Harkonnen
I used RadLinker to force 1.0 pixel shaders and thats what I got:
Radeon 9600Pro 256MB, 5.11 drivers, 1280*960 windowed
Huge map with epic speed 1951ac (so almost no trees left on the map but lots of cities)
1.0 pixel shaders:
Low resolution trees/terrain, no effects (fire on cities...)
Max zoom in: ~13fps, 209kk bytes saved by your patch (#640 version)
edited: ~21fps, 209kk on a second test, seems the window didn't have focus on the first one ^^U
Max zoom out: ~13fps, 209kk bytes saved
edited: ~14fps, 227kk on a second test, mem used: 488MB
Globe view: ~3fps (round world)
2.0 pixel shaders:
High resolution trees/terrain, special effects
Max zoom in: ~20fps, 211kk bytes saved
edited: ~20fps, 211kk on a second test
Max zoom out: ~13fps, 231kk bytes saved
edited: ~13fps, 232kk on a second test, mem used: 488MB
Globe view: ~3fps (round world)
Small map 3500bc (some trees, a few cities)
1.0 pixel shaders:
Low resolution trees/terrain, no effects (fire on cities...)

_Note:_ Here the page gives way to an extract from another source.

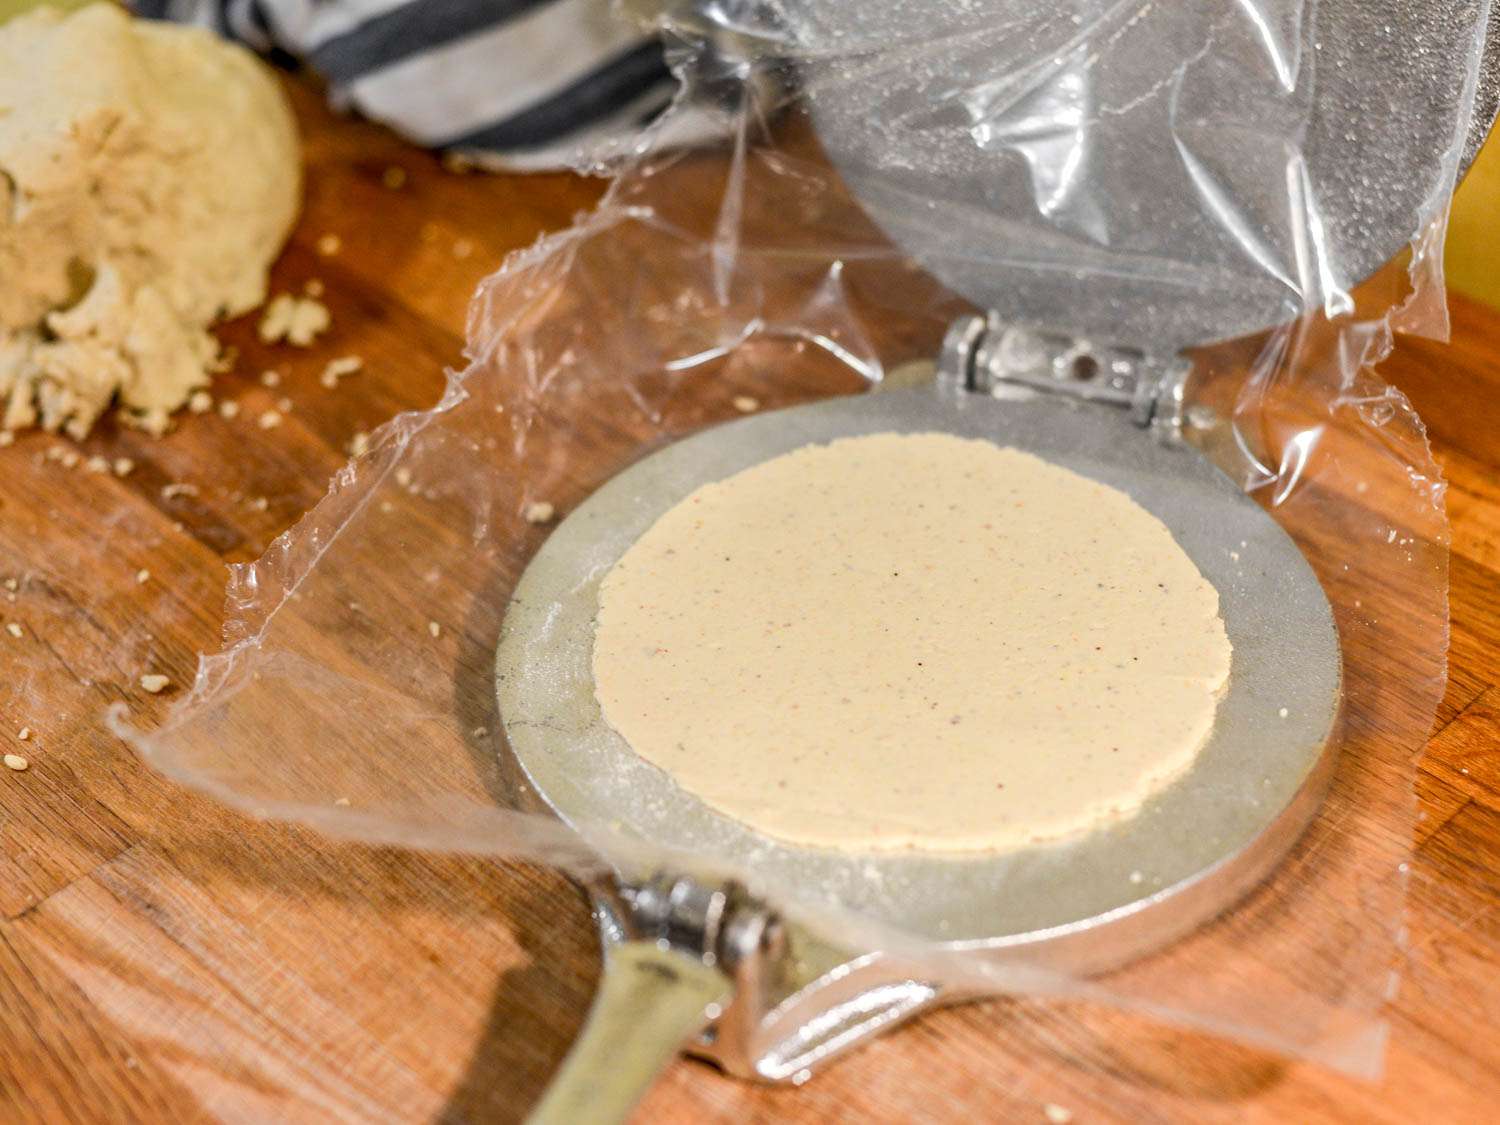 在玉米饼压榨机中压榨的玛莎面团制作圣安东尼奥式玉米饼。

Max zoom in: 38fps, 24kk bytes saved
Max zoom out: 31fps, 24kk bytes saved, mem used: 139MB
Globe view: 28fps (flat world)
2.0 pixel shaders:
High resolution trees/terrain, special effects
Max zoom in: 33fps, 24kk bytes saved
Max zoom out: 23fps, 24kk bytes saved, mem used: 139MB
Globe view: 28fps (flat world)
So it seems that using 1.0 pixel shaders helps on the first stages of the game (when there are a lot of trees).
Also it seems that the globe view is not afected by the pixel shader version, but the number of cities or the view being flat/rounded.
edited: I used 2.0 vertex shaders on the tests, using 1.1 vertex shaders didn't seem to affect performance, with 1.0 vertex shaders civ4 complains and sets itself to all-low-quality.